= Instructions for the task =
A faithful copy of the data below is required, leaving out every picture.

= Material provided =

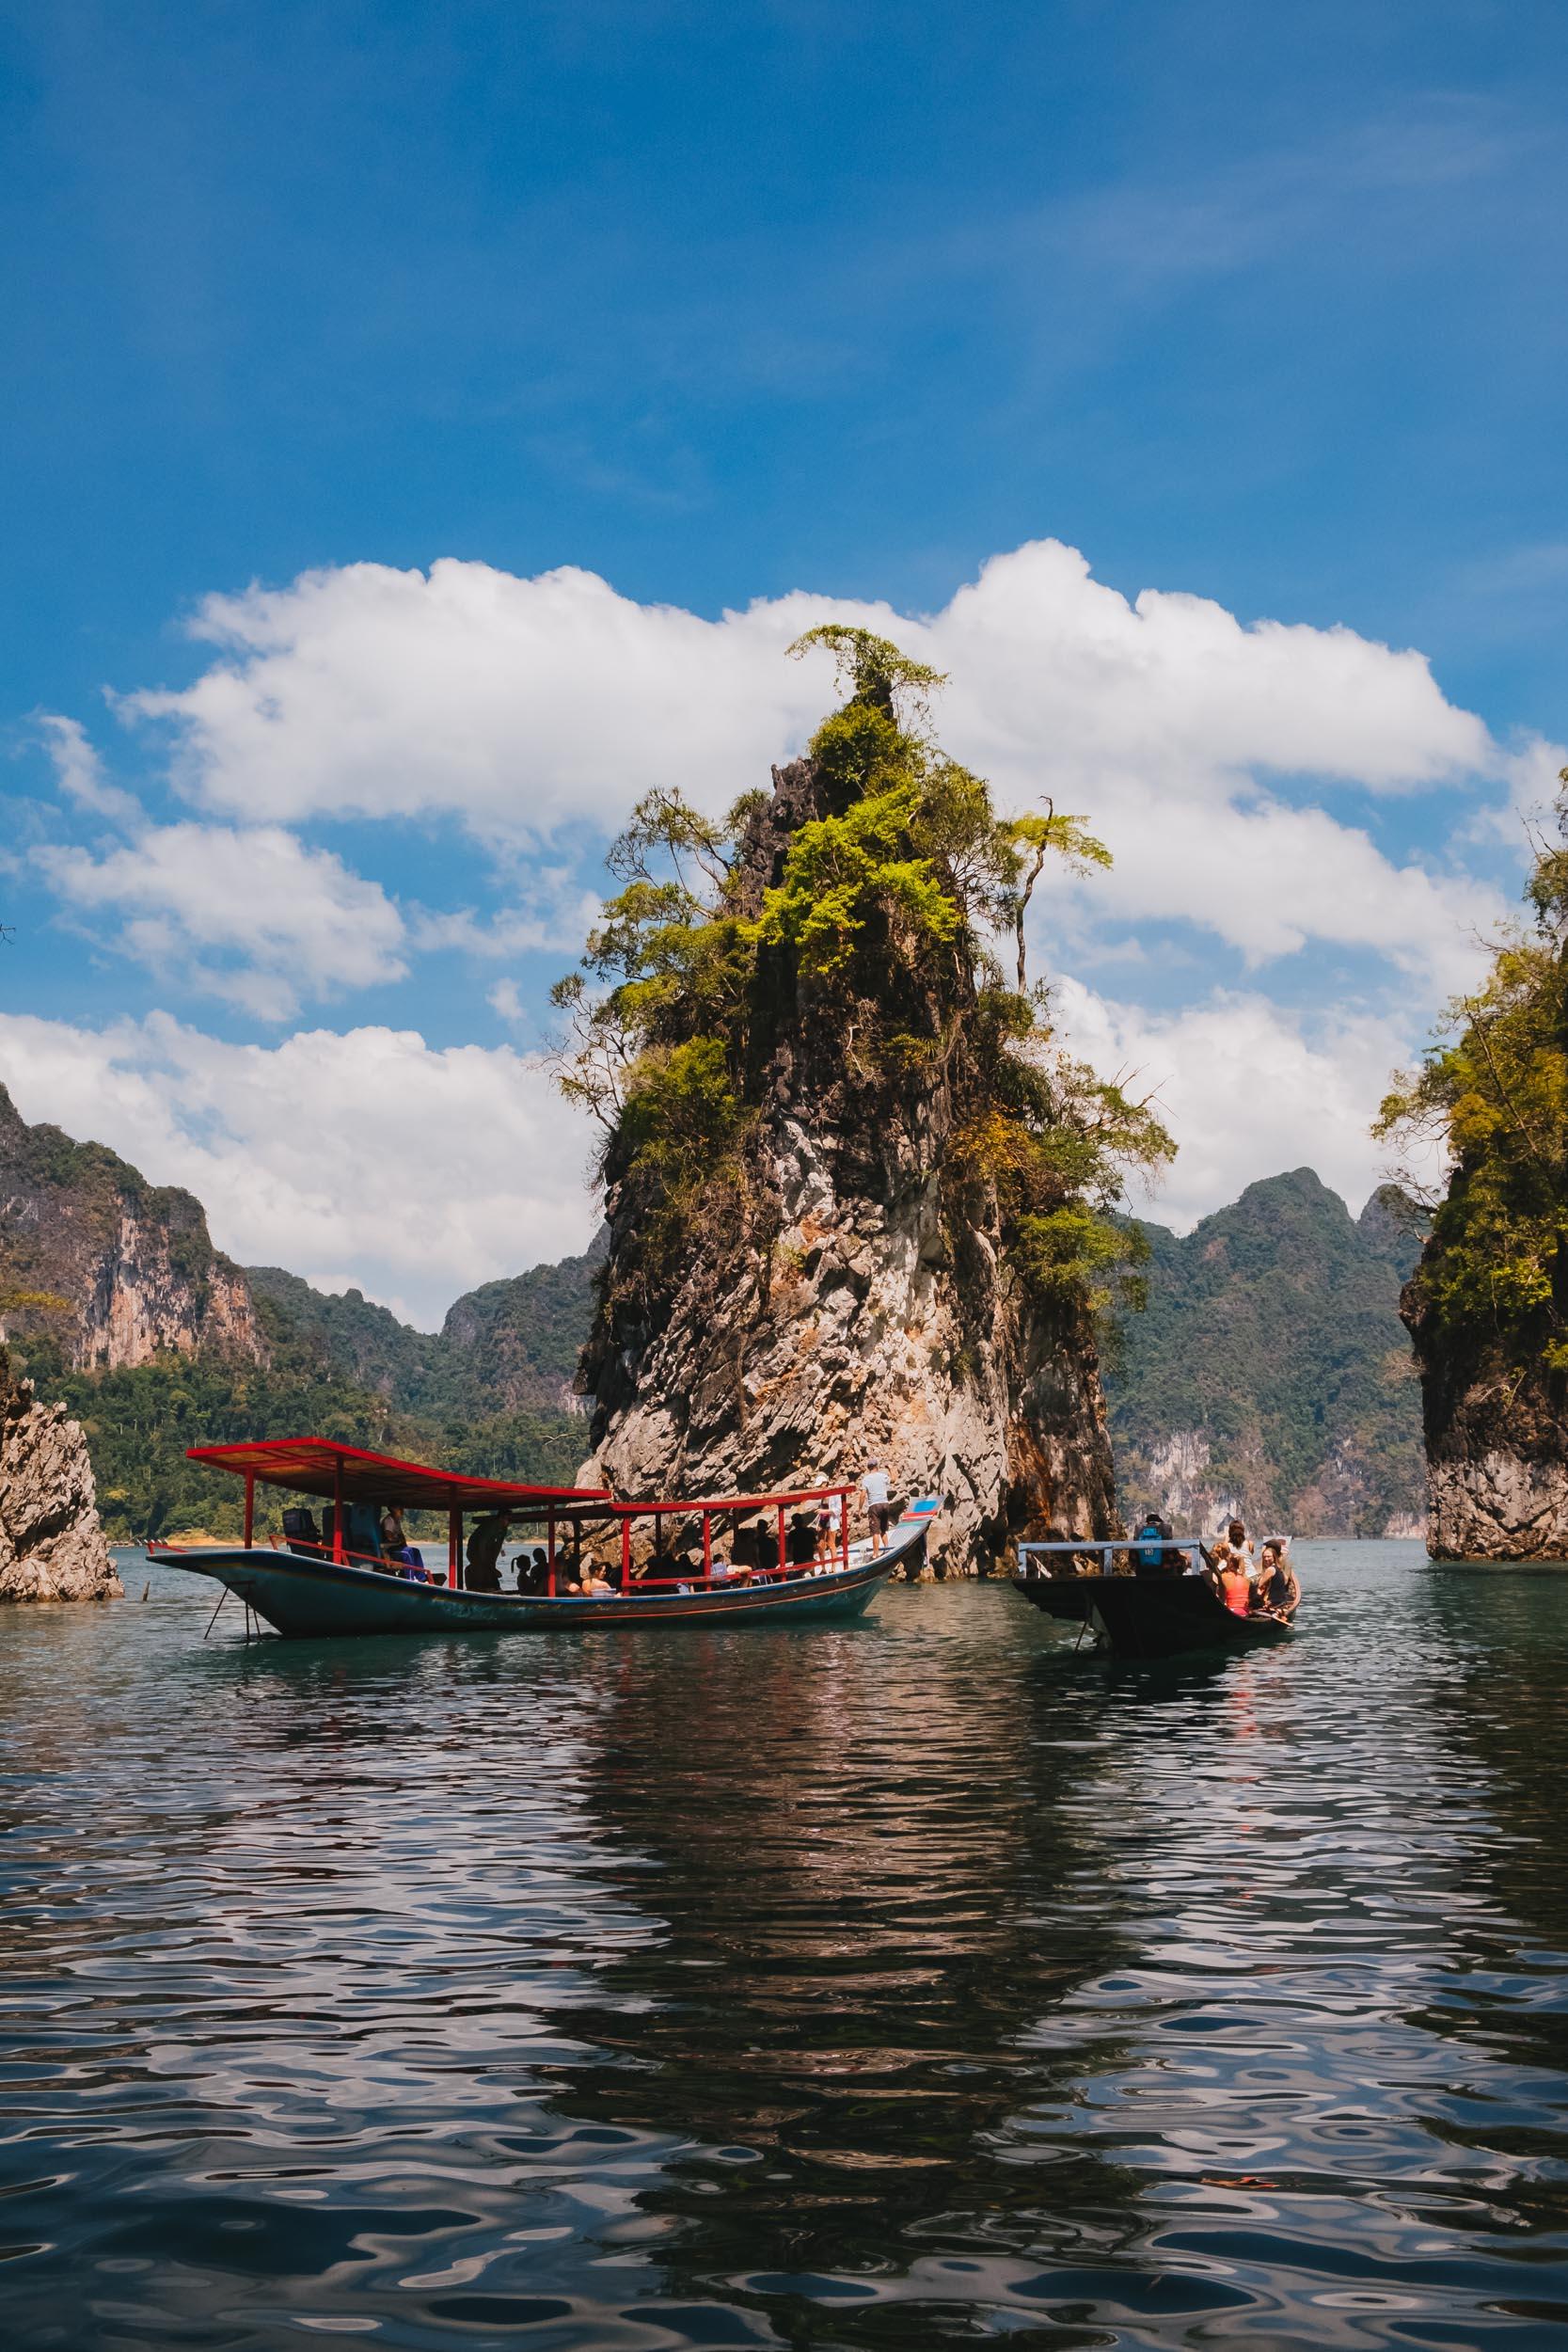 Thailand-20180306-002656.jpg
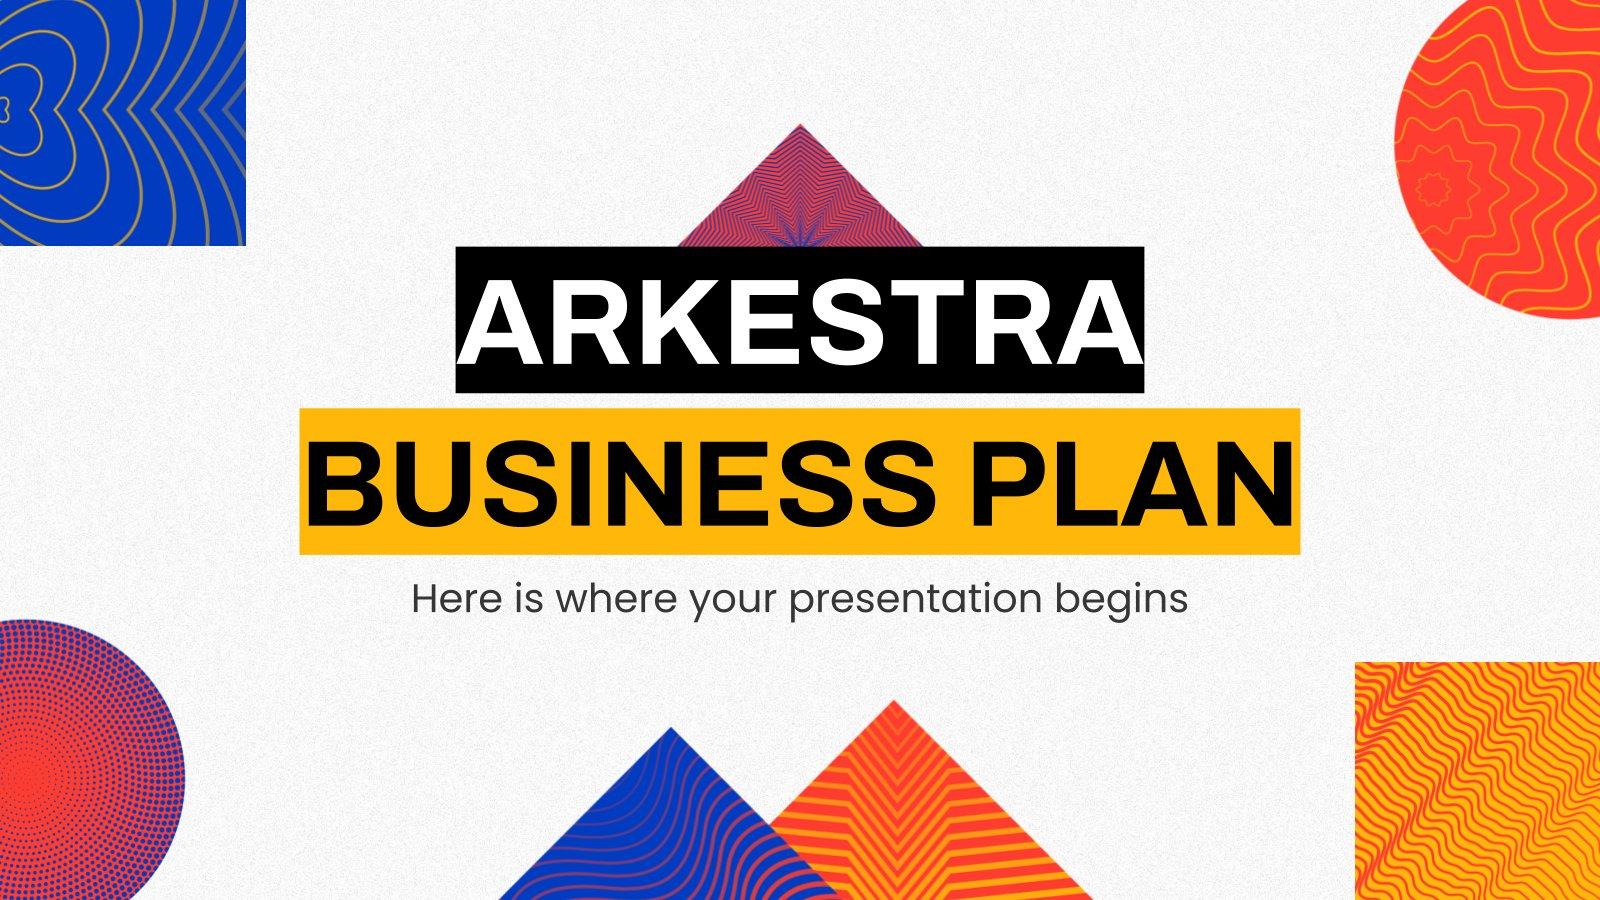 Arkestra Business Plan presentation template
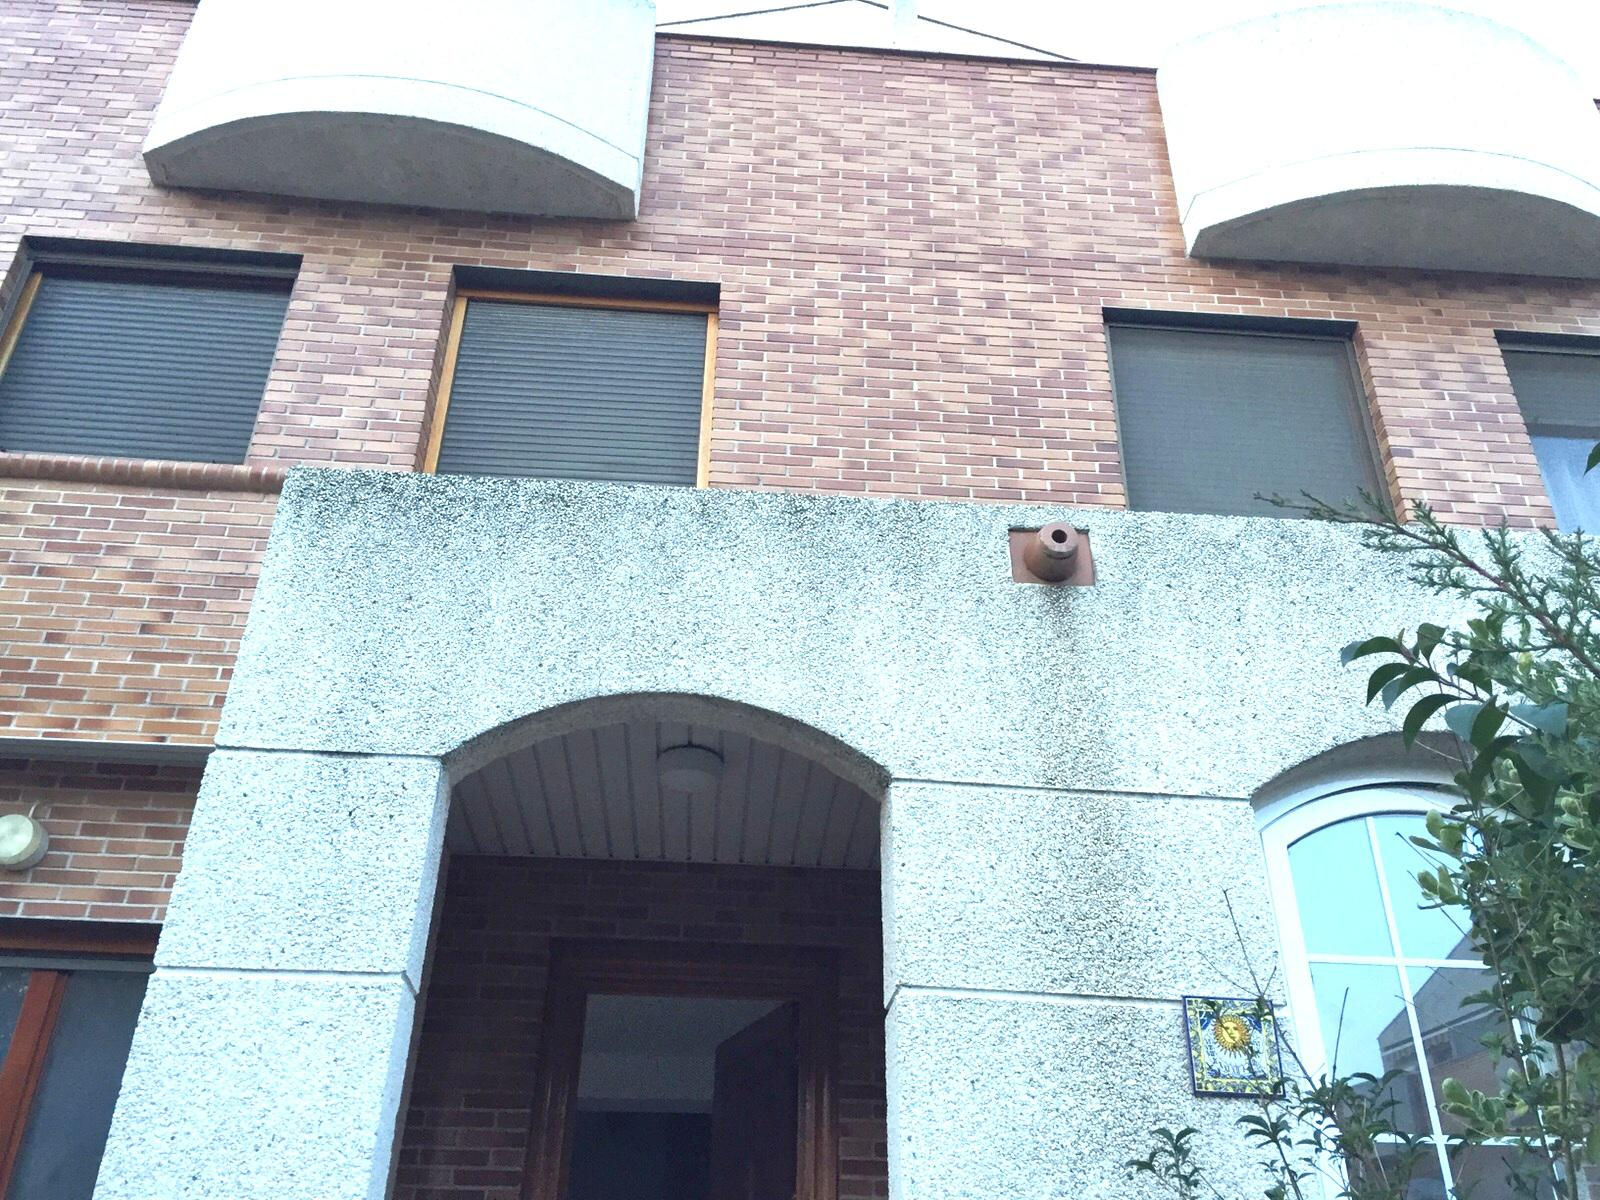 Casa adosada miralbueno zaragoza zaragoza 146555 for Piscina miralbueno

= Solution to the exercise =
 Thailand-20180306-002656.jpg
 Arkestra Business Plan presentation template
 Casa adosada miralbueno zaragoza zaragoza 146555 for Piscina miralbueno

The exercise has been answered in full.